# Objectivity, Subjectivity and Statistical Evidence

Author: Michael EVANS

Professor Michael Evans is President, Statistical Society of Canada, and Professor at the Department of Statistics, University of Toronto.

## Article

Statistics has applications in many fields. The point behind all of these applications is that there are questions for which there is no obvious way that we can obtain definitive answers. The reason for this lies in variation, which can arise for many reasons, and this leads to uncertainty. The health sciences provides an excellent example of this as the variation among patients, such as physical, genetic and lifestyle characteristics, lead to different responses to a treatment for a health problem. We are then left with the questions of whether or not a treatment works and, if so, how well.

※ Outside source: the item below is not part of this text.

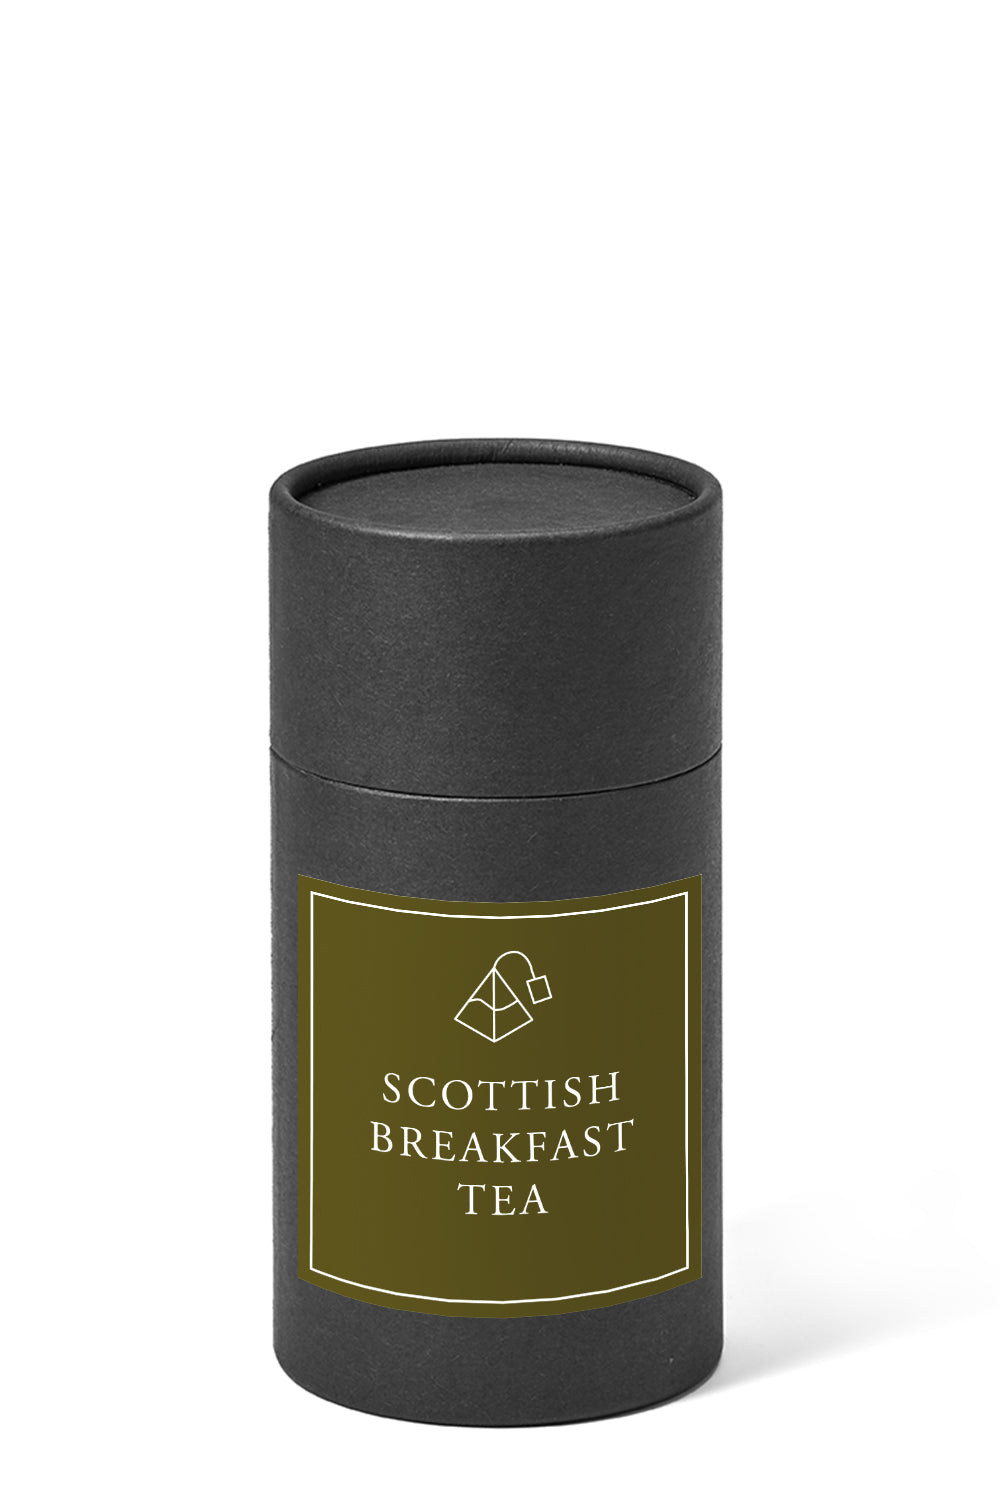 Scottish Breakfast Tea (pyramid bags)-15 pyramids gift-Loose Leaf Tea-High Teas

To be a problem for which statistical methodology is applicable, this variation must exhibit some regularity which we can model. The archetypal example of this is a population Ω, perhaps consisting of all individuals suffering from a particular disease, and a measurement X which is measured for each member ω of Ω. For example, X(ω) could be the blood pressure, measured in appropriate units, of individual ω in Ω. The population Ω and the measurement X lead to a distribution of the characteristic over the population as given by ƒX, where ƒX($x$) is the proportion of individuals in Ω that have X(ω) = $x$ and we record this for each possible value $x$ of X. So in a statistical application we want to know the distribution ƒX. If we can conduct a census, namely, obtain X(ω) for every ω in Ω, then we know ƒX exactly and there is no need for statistics.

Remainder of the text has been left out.